Randomization in social and clinical experiments is generally accepted as the “gold standard” for causal conclusions, because it balances baseline covariates across treatment groups on average, yielding unbiased causal effects. However, although randomization balances baseline covariates on average, it is possible that covariates could still be imbalanced just by random chance, compromising the validity of results. Although chance imbalance is often thought of as a rare, unlucky occurrence, it actually is quite common. For example, with only 10 independent covariates, there is a 40 percent chance that at least one will be significantly (using α = 0.05) different at baseline, just by random chance! Why subject your RCT to this kind of risk? If baseline covariates are thought to matter, balance should be checked at the time of randomization, before the experiment is conducted, and allocations yielding unacceptable balance should be eliminated.
Rerandomization (Morgan and Rubin, 2012) provides a way to avoid this chance imbalance for baseline covariates available at the time of randomization. Rerandomization works by checking balance at the time of randomization and rerandomizing if balance is unacceptable according to pre-specified criteria for acceptable balance. This process continues until an allocation with acceptable balance is achieved, and only then is treatment actually administered. When the criteria for acceptable balance is objective and specified in advance, and when treatment groups are equally sized, rerandomization maintains overall unbiasedness while also guarding against conditional bias due to chance imbalance. Thus we preserve the “gold standard” benefits of randomization, while avoiding detrimental chance imbalances; an idea Tukey (1993) called the “platinum standard.”

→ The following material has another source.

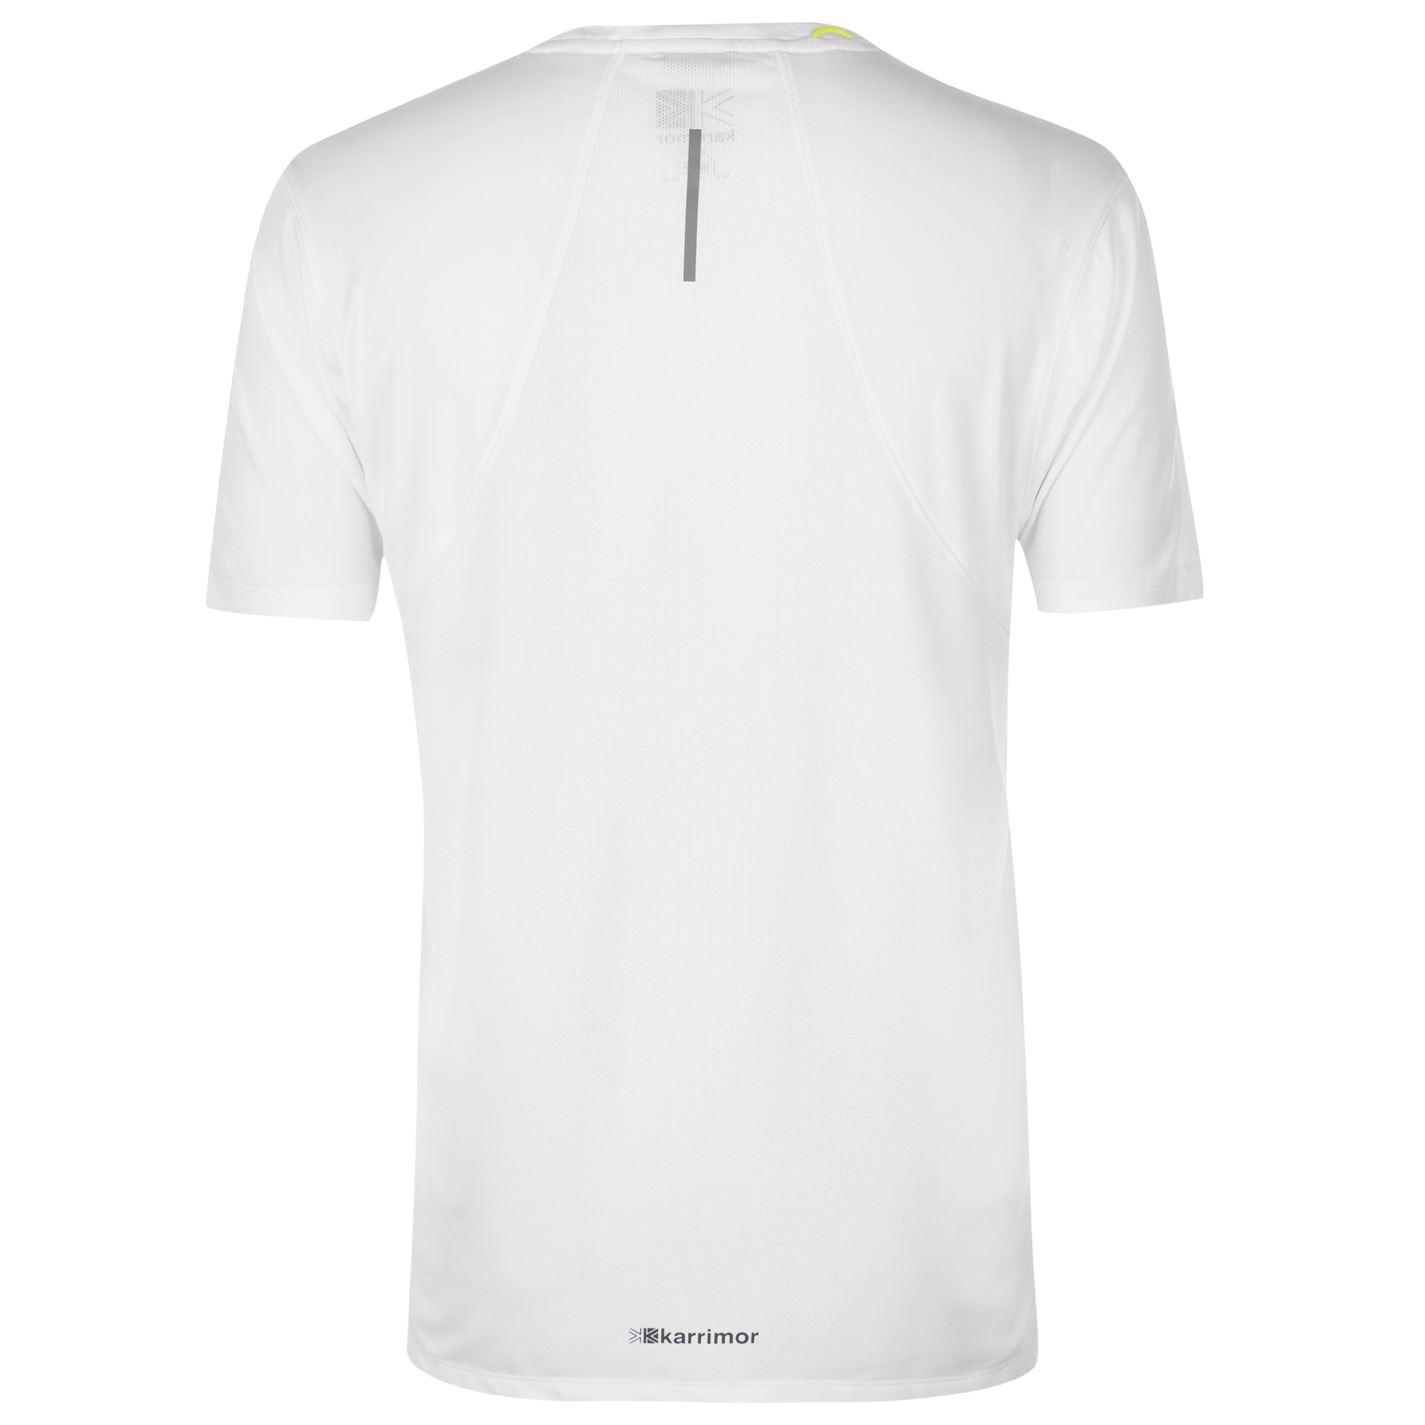 Karrimor-Hombres-X-Lite-Camiseta-mangas-cortas-de-carrera-Rendimiento-Camiseta-Top-Cuello-Redondo miniatura 25

Although the original motivation was to guard against confounding, by improving covariate balance, rerandomization also improves precision when outcomes are correlated with the covariates being balanced. However, to take advantage of these gains in precision, analysis must reflect the rerandomization procedure, for example by randomization-based inference. Not accounting for rerandomization in analysis will still result in “valid” results in the sense that significant p-values can be trusted, the Type I error rate will no larger than as stated, and confidence intervals will have at least the nominal coverage. However, results will be conservative, meaning that p-values could be smaller and intervals could be narrower if the rerandomization were taken into account.
We are currently working on the evaluation of an educational intervention that used rerandomization to assign teachers across five large, urban school districts to treatment or control. Although data collection took place in 2016-17, the treatment started with a four-day “Summer Institute” and so treatment assignment had to take place before we had the 2016-2017 students’ baseline data; the enrolled teachers’ 2015-2016 students’ baseline data was the only alternative. The rerandomization criteria enforced balance on two covariates: a composite measure of standardized test scores and a composite measure of socio-economic status. We conducted randomization independently within each district, and the rerandomization criteria—both the variables used for the composite measures and the exact criteria for acceptable balance—differed slightly from district to district.
In Figure 2, we show, for one of the five districts, the resulting improvement in balance using rerandomization rather than pure randomization (ignoring the covariates). Zero represents perfect mean balance (equal means in treatment and control groups), and the rerandomization yields a distribution with covariate difference in means more closely concentrated around zero, with no extreme differences. The balance for the actual experiment is depicted with a black dot, and is very good for both covariates, as enforced by rerandomization.
Although we do not have outcome data yet, the amount to which rerandomization will decrease the variance of the outcome difference in means (tightening the distribution around the truth) depends both on the amount of improvement in covariate balance (as shown in Figure 2) and on the extent to which the outcome is correlated with the covariates, as measured by R2. Given this level of covariate balance, the resulting precision of the outcome difference in means would increase by a factor of 2 if R2 = 0.53 or 3 if R2 = 0.68, equating to roughly doubling or tripling the sample size! This example illustrates the benefits of rerandomization for an educational intervention, but rerandomization can improve baseline balance and outcome precision for any field or study utilizing randomization.